The Green-Eyed Monster

I bet I've already got your attention with that title, don't I? Well, that's good because I have added yet another book to my "Must-Read" list and I think you should too!



The Green-Eyed Monster by Mike Robinson is a mixture of horror, mystery, and paranormal--a recipe for an "on the edge of your seat" kinda book. As a writer, I have a special kind of draw to this story as you might understand after reading the blurb:

Martin Smith and John Becker: bestselling authors with ordinary names and extraordinary minds.

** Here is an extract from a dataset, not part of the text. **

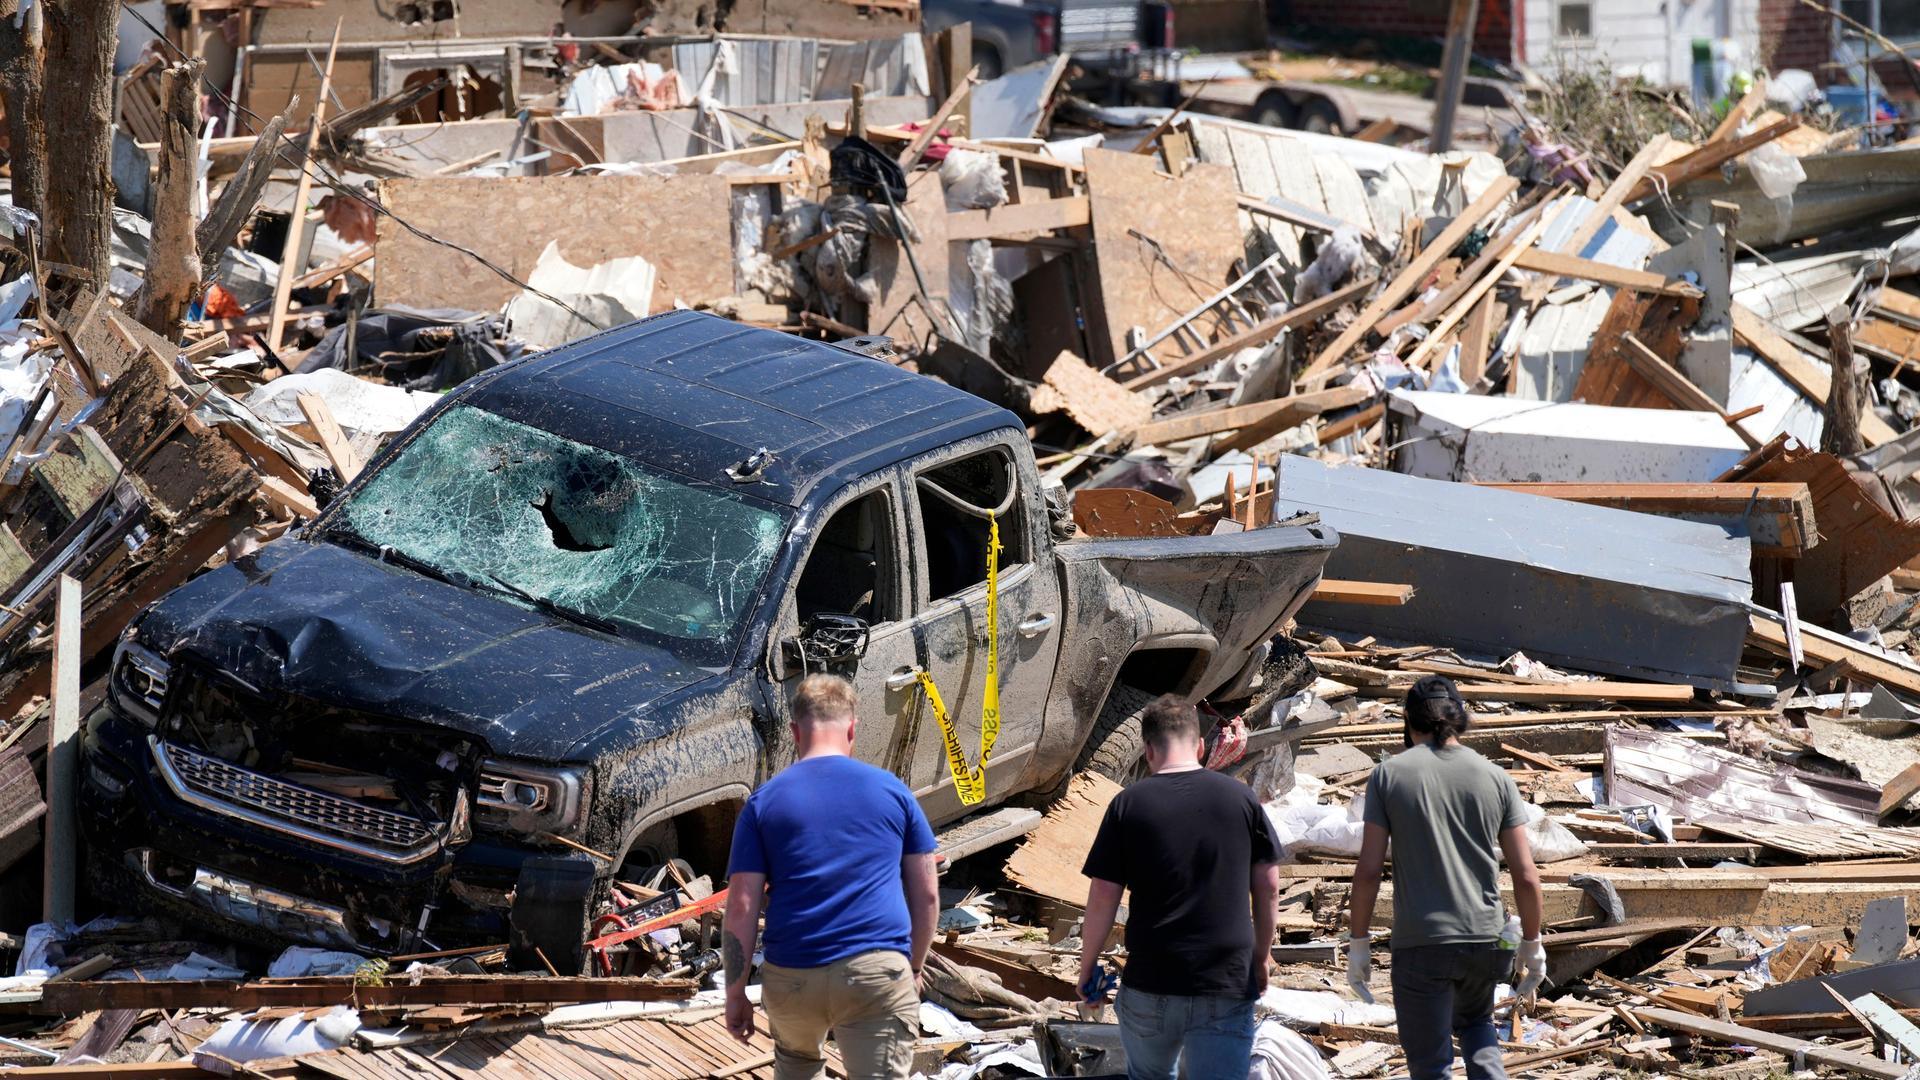 Menschen beschauen sich die Zerstörung durch einen Tornado in Greenfield, Iowa an. Man sieht Trümmer und ein völlig zerstörtes Auto.

Their words have power — to heal, to kill, to change the lives of their “characters” in shocking and unexpected ways. Famous for their uncanny similarity in both physical manner and literary voice, their childhood rivalry spins out of control into adulhood.

The death of one at the hands of the other brings to light their troubling past — and a mysterious presence, watching on from the shadows — an authorial entity with roots beyond our time or dimension; an entity with far-reaching designs.

The pen is truly mightier than the deadliest sword.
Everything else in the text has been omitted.